Based on the descriptions mentioned above, and also refer to FIG. 2, it can be known that, the structure of the curved battery shows a long-strip shape having a uniform curvature, and that is not disclosed in the prior art. Also, there is no teaching in the Prior Art to indicate that the battery main body may have a uniform curvature. Further, in the Prior Art, no implicit or explicit suggestions are given to the public to design the curved battery of the present invention. Therefore, the curved battery of the present invention is an innovation, that is not disclosed or anticipated by the Prior Art.

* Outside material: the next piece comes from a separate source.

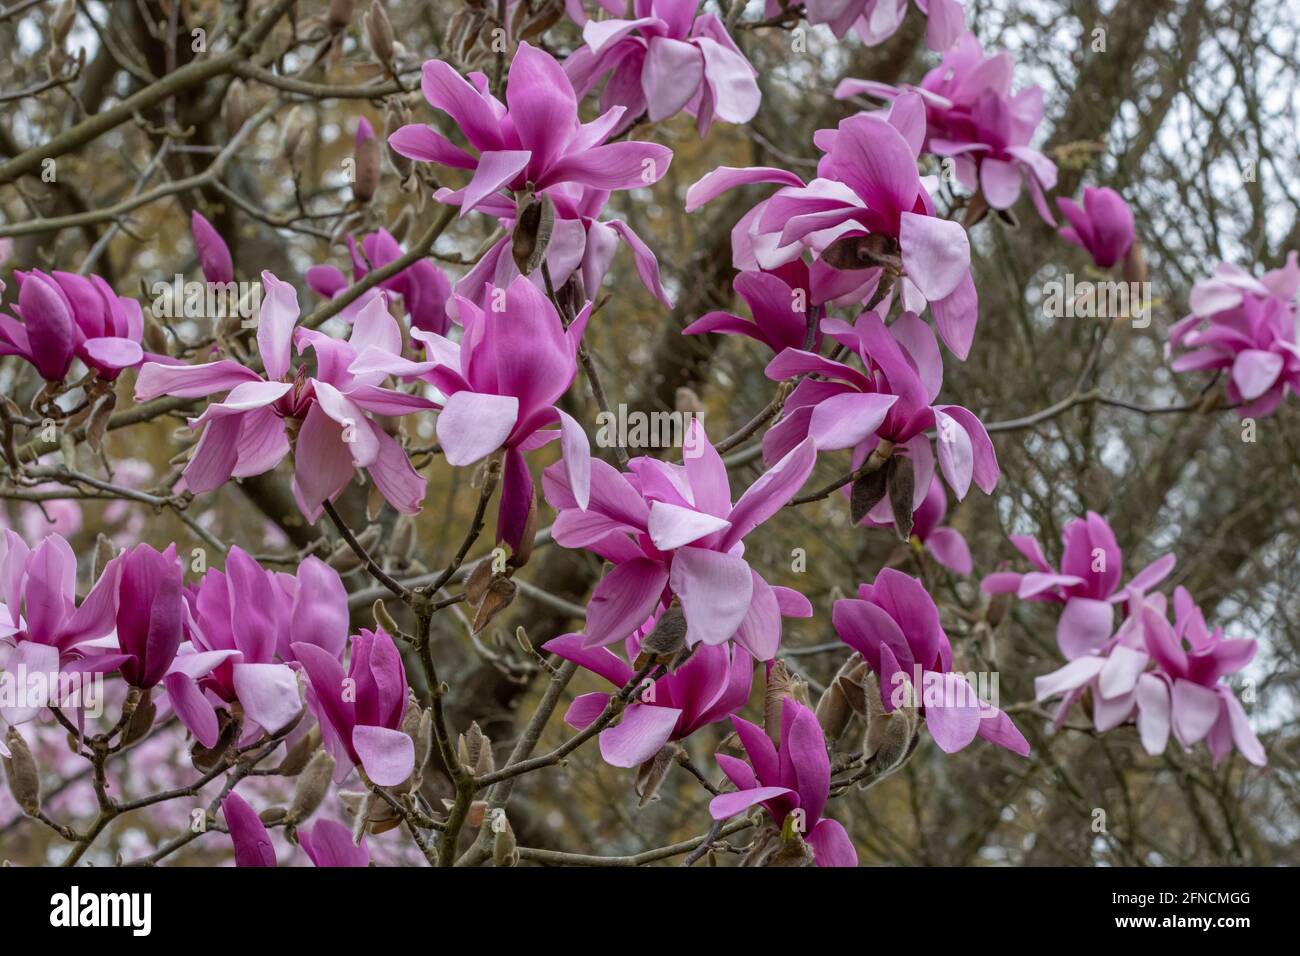 Mass of large purple Magnolia Ruth flowers in spring Stock Photo

The above detailed description of the preferred embodiment is intended to describe more clearly the characteristics and spirit of the present invention. However, the preferred embodiments disclosed above are not intended to be any restrictions to the scope of the present invention. Conversely, its purpose is to include the various changes and equivalent arrangements which are within the scope of the appended claims.

Claims

1. A curved battery manufacturing method, comprising the following steps:

providing a strip-shape electrode sheet, which has two portions selected respectively as a positive portion and a negative portion, wherein a surface of said positive portion is applied with an anode coating, while surface of said negative portion is applied with a cathode coating, then a separation film is used to wrap said entire coated electrode sheet,

rolling said electrode sheet having separation film wrapped around along its long edge, so that a positive tab lead and a negative tab lead at the outermost ends of said electrode sheet, are on the outermost layer of roll body;

after rolling, said rolled electrode sheet is provided with three open side edges, including one side edge having said positive tab lead and said negative tab lead, and two side edges adjacent to said side edges, perform first sealing for said positive tab lead and said negative tab lead;

performing heating for the sack having three side edges sealed;

pouring in electrolyte fluid into the dried sack, and perform charging for said electrolyte fluid;

reopening said sealed side edge not having said positive tab lead and said negative tab lead;

performing vacuuming to remove excessive gas in said sack by means of negative pressure;

performing second sealing for opened side edge; and

bending said long-strip sack into an arc shape of uniform curvature.

2. The curved battery manufacturing method as claimed in claim 1, wherein said anode coating is made of lithium cobalt oxide coating, while the cathode coating is made of graphite.

3. The curved battery manufacturing method as claimed in claim 1, wherein said first sealing is to seal said side edge having said positive tab lead and said negative tab lead, and said adjacent side edge not having said positive tab lead and said negative tab lead.

4. The curved battery manufacturing method as claimed in claim 3, wherein temperature for said first seal is 210˜230° C., with a duration of 2.5 sec˜3.5 sec.

5. The curved battery manufacturing method as claimed in claim 3, wherein temperature for heating said sack having three side edges sealed is 75° C., for a duration of 11˜13 hours.

6. The curved battery manufacturing method as claimed in claim 3, wherein temperature for pouring in electrolyte fluid is 25±5° C.

7. The curved battery manufacturing method as claimed in claim 3, wherein said vacuum is greater than 90%.

8. The curved battery manufacturing method as claimed in claim 3, wherein said positive tab lead and said negative tab lead are extended in a direction parallel to long edge of said electrode sheet.

9. The curved battery manufacturing method as claimed in claim 1, wherein said positive tab lead and said negative tab lead are welded perpendicular to direction of said positive electrode and said negative electrode.

10. A curved battery, provided with a long-strip shape main body, and is characterized in that, said main body has a uniform curvature.

11. The curved battery as claimed in claim 10, wherein said curved battery is provided with a positive tab lead and a negative tab lead, extended in a direction parallel to a long side of said main body.